随,他向周穗岁等人道歉,“不好意思,我也是被他们骗了,以为真就拌嘴轻轻打了一下而已。
“作为村长,我也希望他们好,怕你们来破坏他们感情,这才冲动带人过来,险些闹出误会。
“既然是你们两家子的事,我们这些外人就不好掺和了。该怎么处理,你们自己商量着办,我们就不在这里碍事了。”
“多谢村长深明大义。”周穗岁给他戴了顶高帽。
将他们震慑住,什么事都好办了。
“你们走了,我们怎么办?你们就眼睁睁看着他们欺负我们不成?”崔母哭闹起来。
村长头也不回地离开。
其他人也都怕周穗岁,见状纷纷回家,生怕惹上麻烦。
崔文奇这会儿终于感到后怕了。
“阿玉,我错了,你原谅我一次吧,我保证以后再也不打你了。”
崔文奇滑跪,面对房门哭着认错,还一边打自己耳光。
“我给你写保证书,绝对不会有下次。你要是离开我,我以后怎么活啊?这个家就要散了呀!
“那么多年夫妻,你怎么狠得下心?我真的知道错了,我给跪下了,我打我自己,我不是人,你原谅吧。”
顿了顿,崔文奇又跪着挪到丁启飞面前,扯着丁启飞的衣摆,“启飞,姐夫真不是有心要打你阿姐的,是姐夫太爱你阿姐。
“一听说她跟别的男人走太近,我就控制不住自己。现在我也很后悔很心痛,只要你们能再给我一次机会,要我做什么都可以。”

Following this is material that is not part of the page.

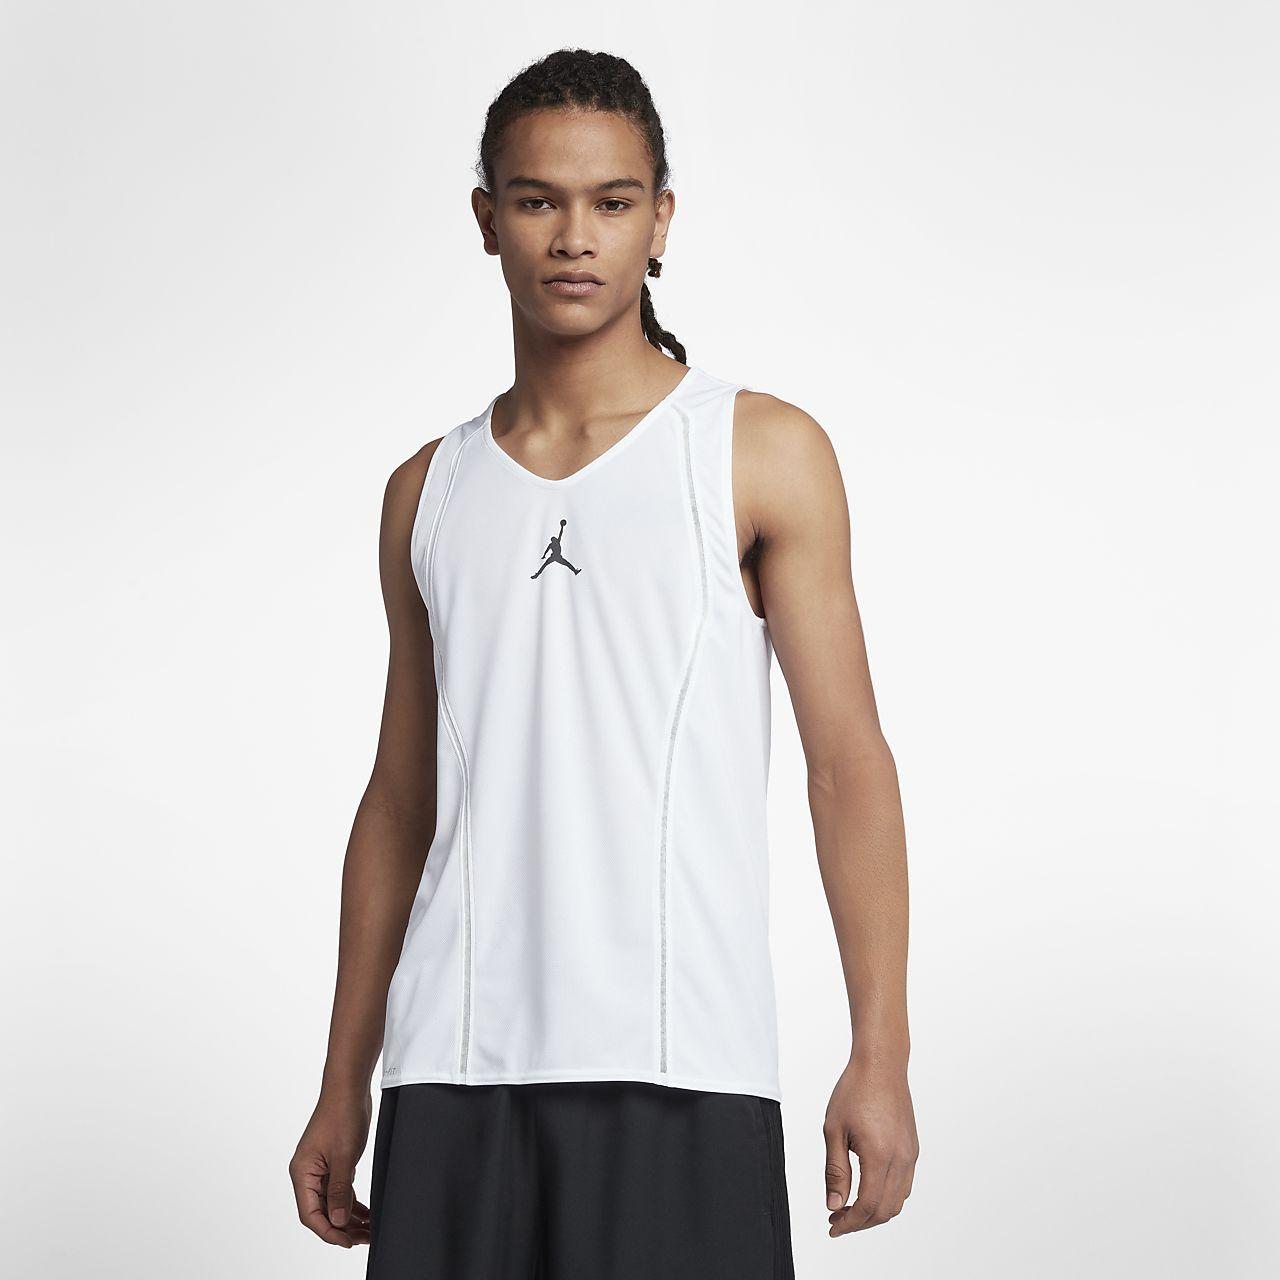 Camiseta de básquetbol para hombre Jordan Ultimate Flight

“行啊,那你去死吧!”周穗岁不冷不热地道,“真爱她就要给她活路,而不是将她往绝路逼。”
崔文奇一噎。
都不知道要怎么表演下去了。
“你这贱……”崔母又开始发疯,结果周穗岁一扬手,她就消声了。
鳄鱼的眼泪。
欺软怕硬。
盘踞阴沟的毒蛇。
这一家子,绝了!
“启飞,你劝劝你阿姐。俗话说,‘宁毁十座庙,不拆一桩婚’,孩子都这么大了,离婚后她怎么办?”
崔文奇逼着自己不要理会周穗岁,继续求丁启飞。
等他们都走了,他再好好教训那个贱人,看她以后还敢不敢告状。
“我一定要离婚!”丁玉的声音从房间传出来,“你不同意就上法院,这事没得谈。”
娘家人过来,她底气都足了。
“丁玉,”崔文奇立刻恢复原状,神情扭曲地大吼,“我警告你别……”
“呵呵。”周穗岁的一声冷笑,让崔文奇恢复理智,反应过来时冷汗直流。
崔文奇痛哭流涕,“阿玉,我真的不能没有你啊!”
啪啪啪。
周穗岁又在鼓掌。
“继续,奥斯卡不给你颁奖真是可惜。”
崔文奇终于是演不下去了。
“得饶人处且饶人,两口子的事,你为什么非要插手,闹得我们真离婚,你也不怕遭报应?”
“你都不怕报应,我怕什么?”
崔文奇咬牙切齿,被怼得一句话都说不出来。
“啊呀,那么阵仗是干什么呢?刚刚我洗澡听到你们这边动静,怪吓人的。婶,发生什么事了?丁玉又跟文奇闹吗?”
这时,崔家来了两个人。
周穗岁循声看去,微微一怔。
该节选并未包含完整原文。